Наконец, вернувшись в Париж, 2 апреля Жаки становится экстерном – просто гора с плеч! Теперь, как только заканчиваются занятия, он волен организовывать собственный труд и жизнь по своему усмотрению. Впрочем, он и дальше ведет себя как больной, рано ложась спать и питаясь исключительно в диетической столовой Пор-Рояля. Он трудится не покладая рук, но этого недостаточно, чтобы наверстать упущенное. После столь длительного отсутствия итоги этого второго года подготовительных курсов катастрофичны, за исключением философии: Морис Савен считает Жаки «серьезным и трудолюбивым» учеником, способным пробудить «некоторые надежды». По французскому вопреки «хорошей предрасположенности» оценки «всего лишь средние». По остальным предметам они и вовсе низкие, и слишком много заданий сдать вообще не удалось[109].
28 мая 1951 года Жаки отправляется на письменный экзамен в плачевном физическом и психическом состоянии.

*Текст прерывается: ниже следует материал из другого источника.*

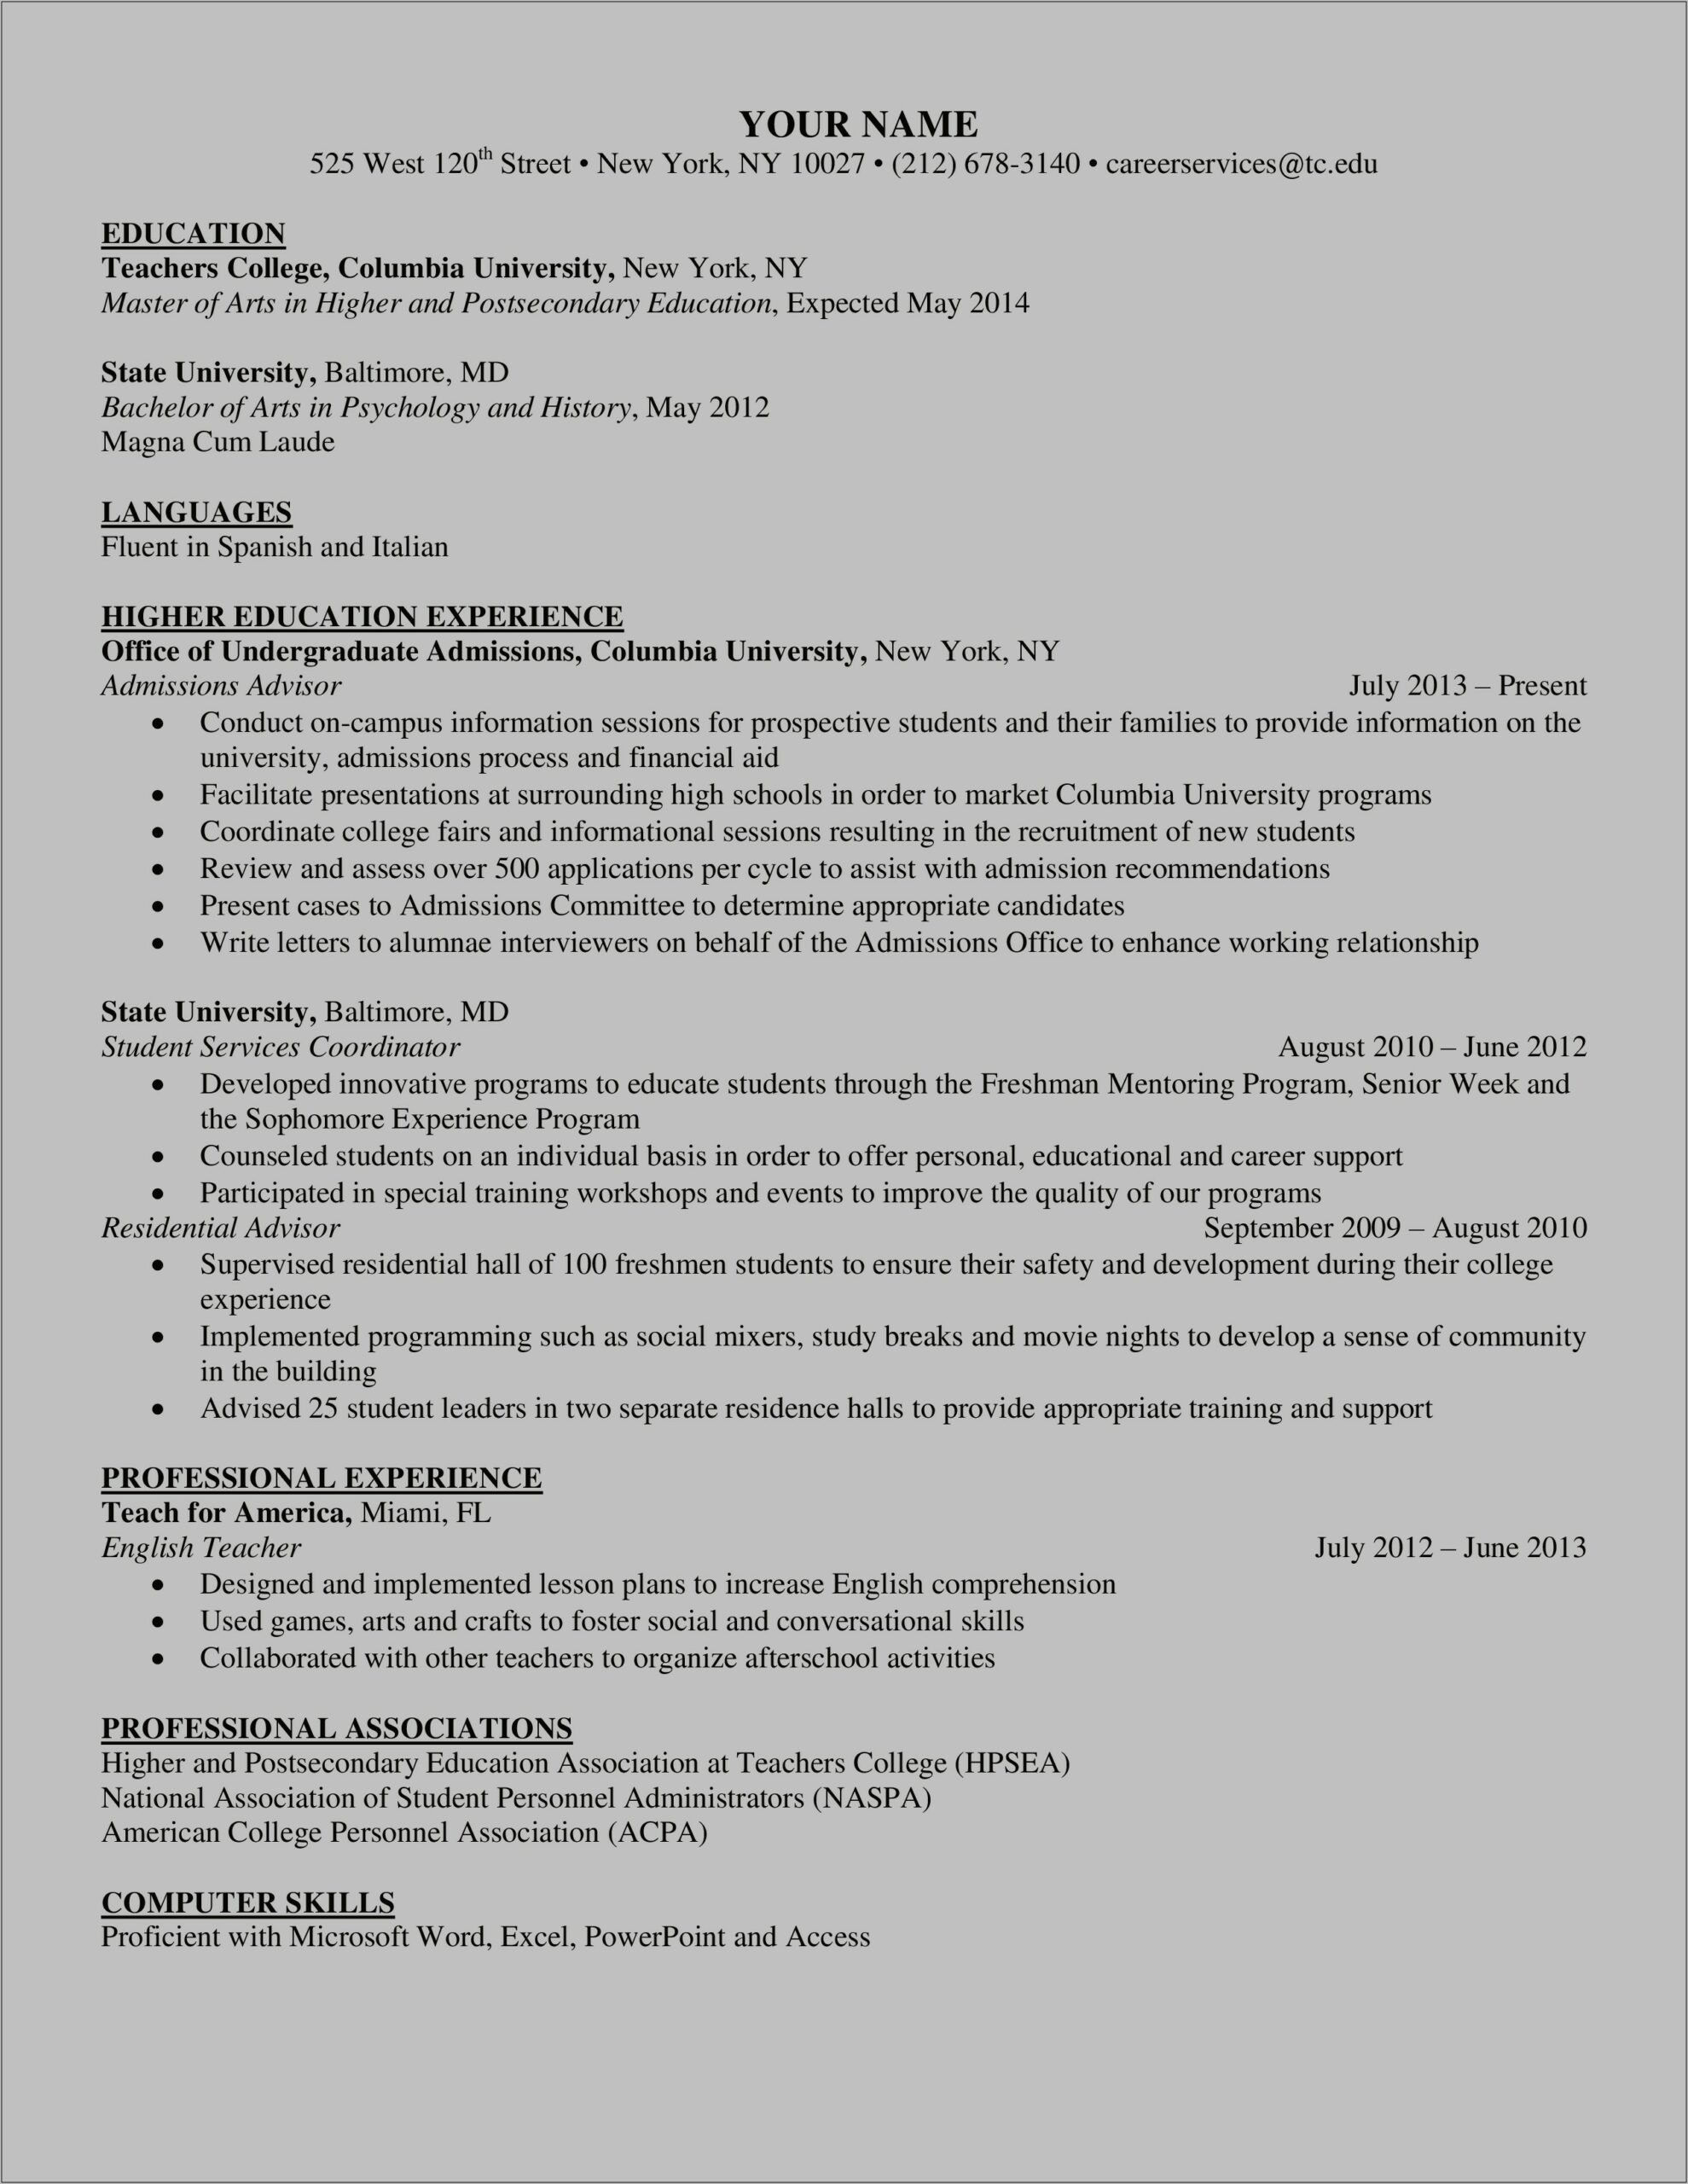 Examples Of Resumes For Higher Education

После бесчисленных бессонных ночей, под воздействием амфетамина, а затем снотворного он снова на грани нервного срыва. Стресс делает свое дело. Не в состоянии писать, на первом экзамене он возвращает чистый лист, так что другого выбора, кроме как прекратить участие в конкурсе, у него не остается. Несколько дней спустя, полный отчаяния, он поведает о невзгодах своему давнему другу Фернану Ашароку. Жаки боится, что в лицей Людовика Великого после такого тяжелого года на третий год подготовительных курсов его уже не возьмут. И возвращение в Алжир было бы не просто унижением: оно было бы равносильно отказу от университетской карьеры в пользу учительской в лицее.

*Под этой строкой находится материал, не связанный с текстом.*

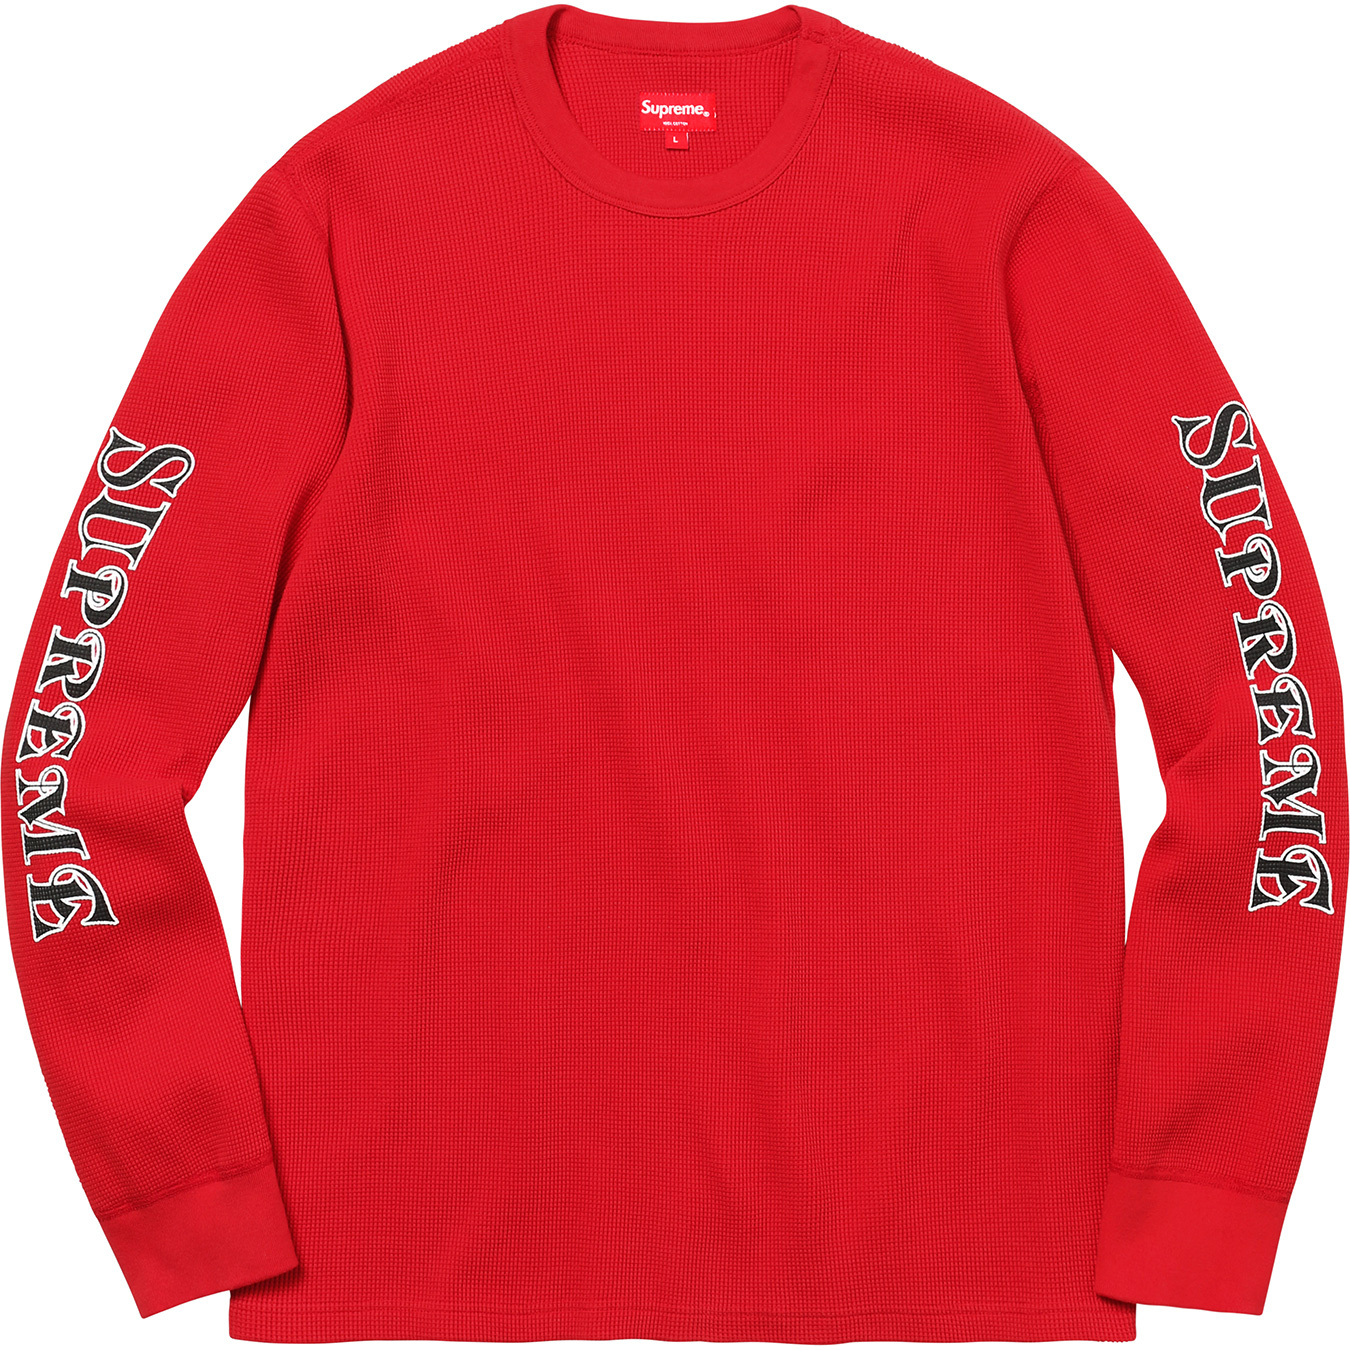 Supreme Sleeve Logo Waffle Thermal Red Men's - FW17 - US

В последнем порыве Деррида отыщет своего преподавателя французского Роже Понса. Во многих отношениях это учитель старой закалки, более традиционный, чем некоторые другие преподаватели лицея Людовика Великого. Однако, возможно, он проявил больше внимания к ситуации Жаки. Во всяком случае, встреча эта будет решающей как минимум психологически, так Деррида напишет об этом Роже Понсу спустя год, после успешного прохождения конкурса:
Моя признательность пробуждает среди множества воспоминаний и то утро в июне 1951 года, когда я, уничтоженный – как я полагал, безвозвратно – катастрофой, пришел к вам просить совета и особенно поддержки. Оставил я вас вполне успокоенный, в решимости продолжать вопреки разочарованию, от которого, казалось, мне никогда не оправиться. Признаться ли вам, что я бы никогда не продолжил учебу ни на подготовительных курсах, ни, наверное, где-либо еще, если бы не пришел к вам тем утром?[110]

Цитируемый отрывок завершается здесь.